• _GIVEN INFORMATION_:

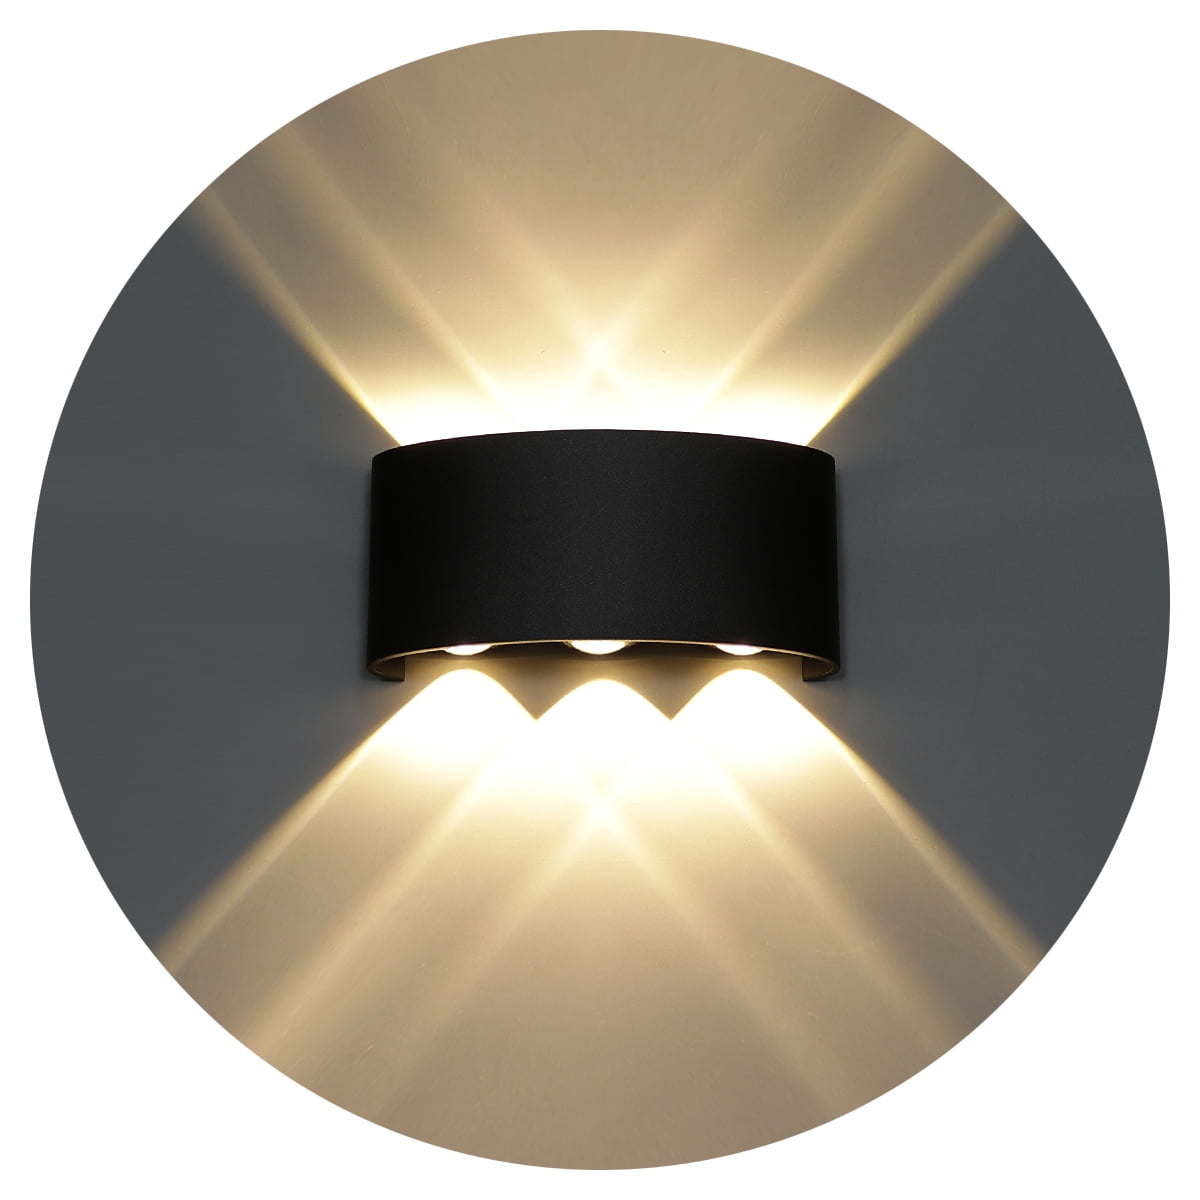 Bathroom Hallway Wall Lights Indoor 12W LED Up and Down Wall Lamp Black Aluminium Modern Sconce Wall Wash Lights for Living Room Bedroom Warm White 
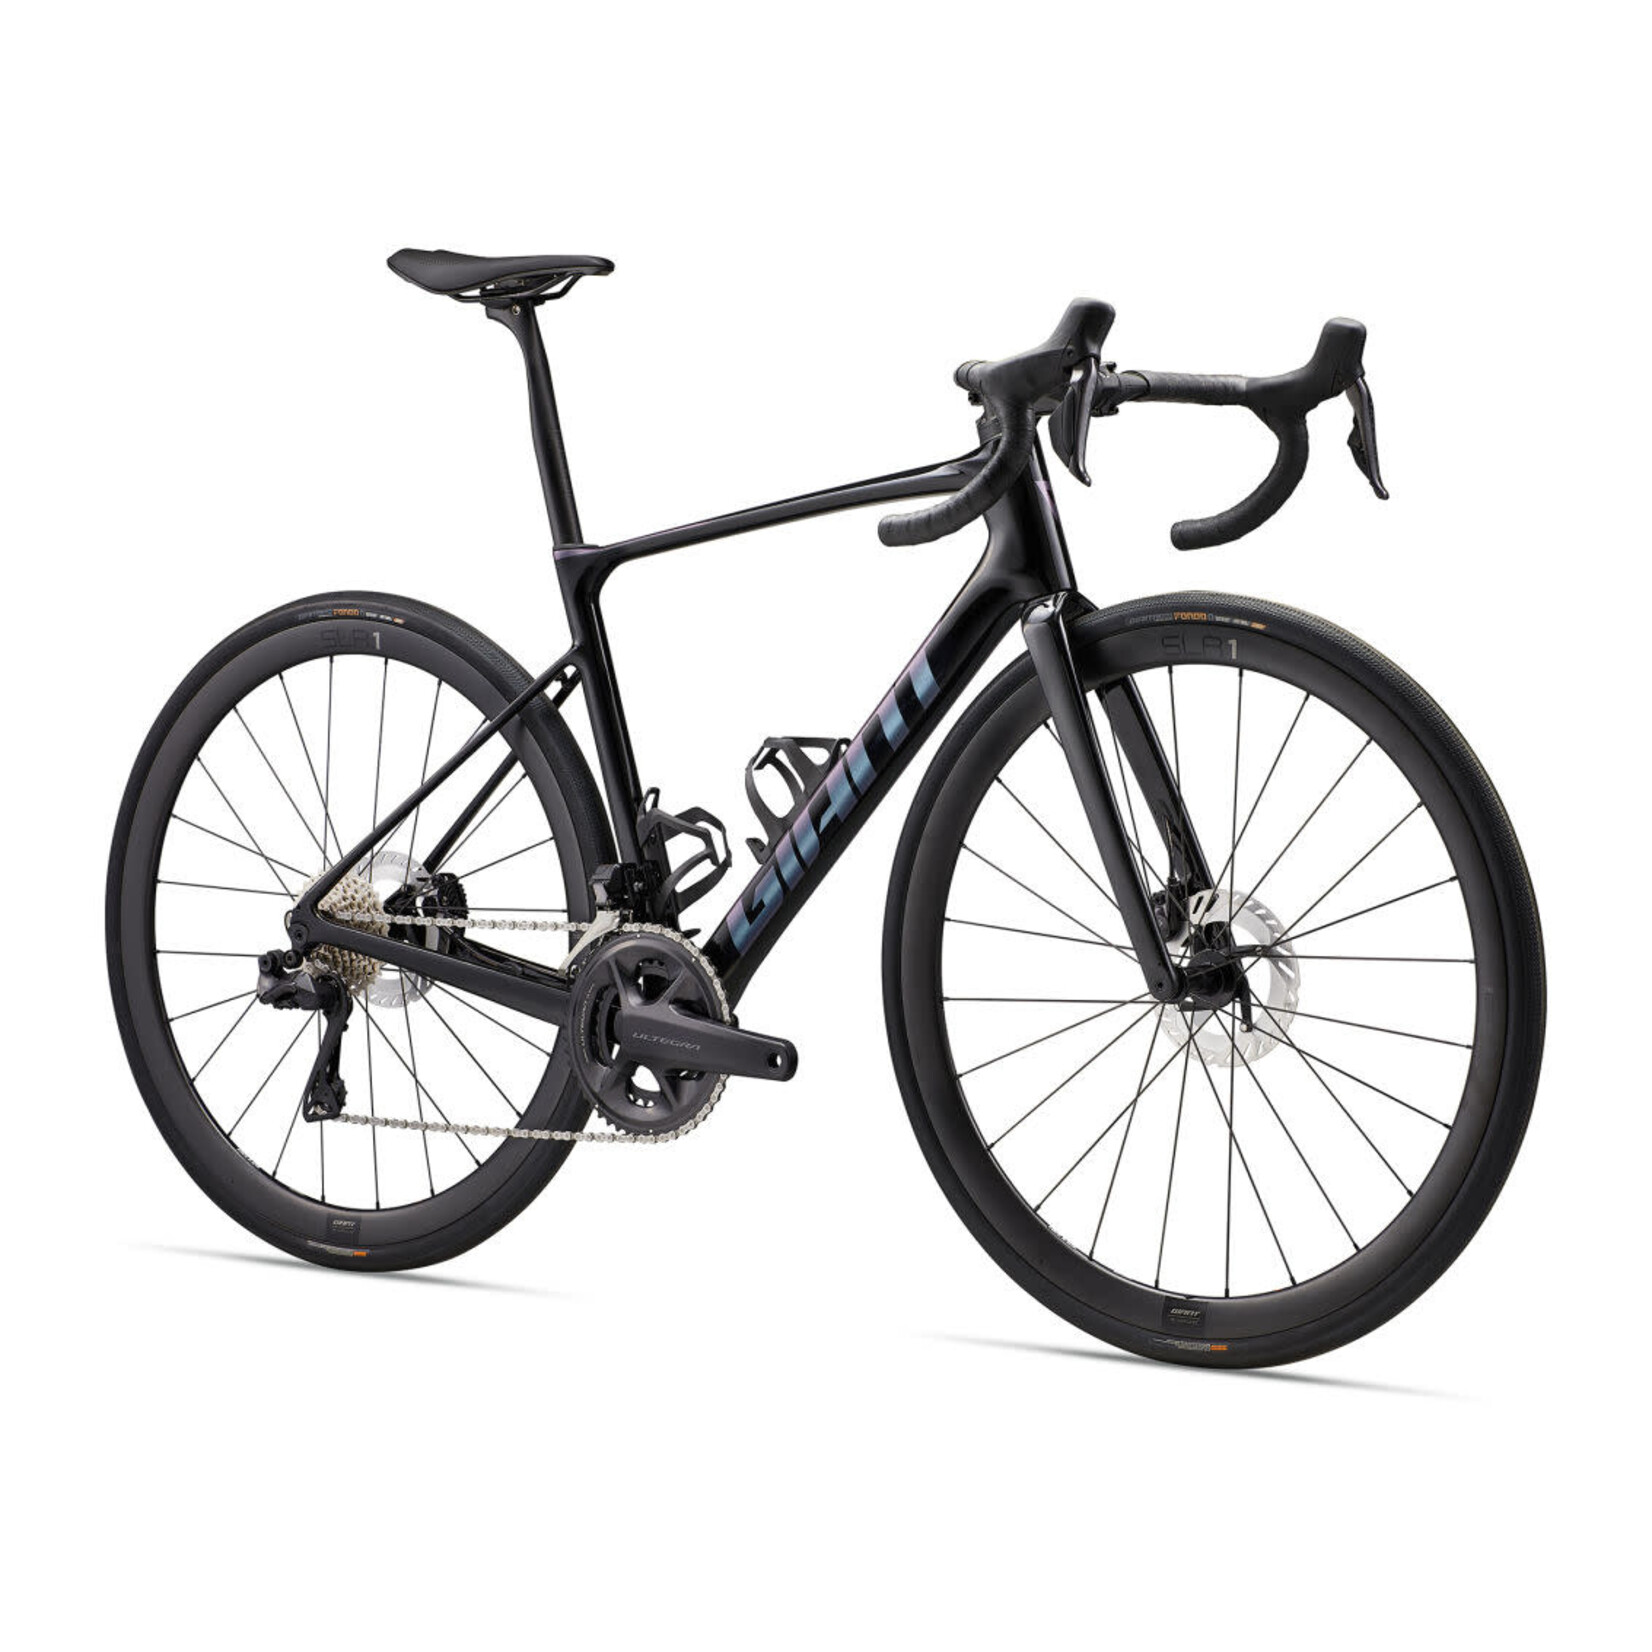 GIANT Defy Advanced Pro 0 - Carbon/Blue Dragonfly
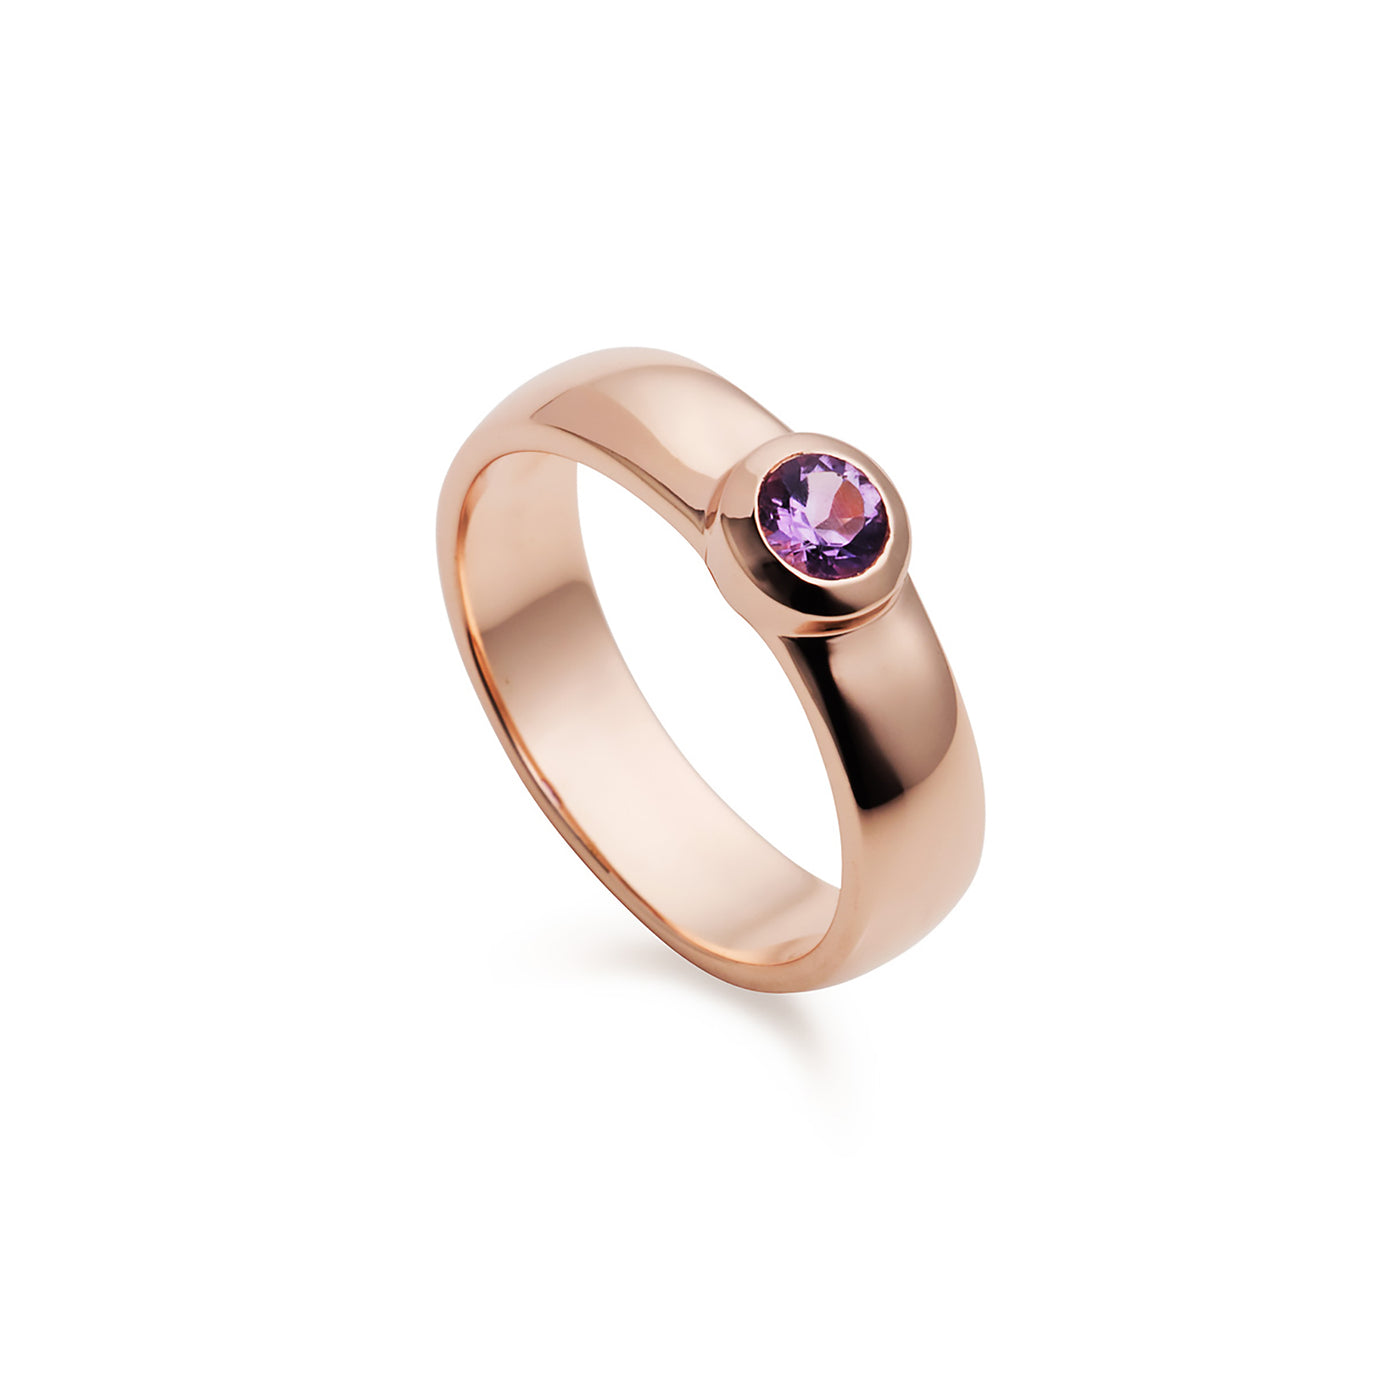 Photo of Rose Gold Vermeil Ring With Amethyst Stone

• _ASSIGNMENT_: Exactly the lines from the line with "GIANT Defy Advanced" through the last line of the listing, both included, should be extracted, and the pictures left behind.

• _RESULT FOR THIS EXERCISE_:
 GIANT Defy Advanced Pro 0 - Carbon/Blue Dragonfly
 Photo of Rose Gold Vermeil Ring With Amethyst Stone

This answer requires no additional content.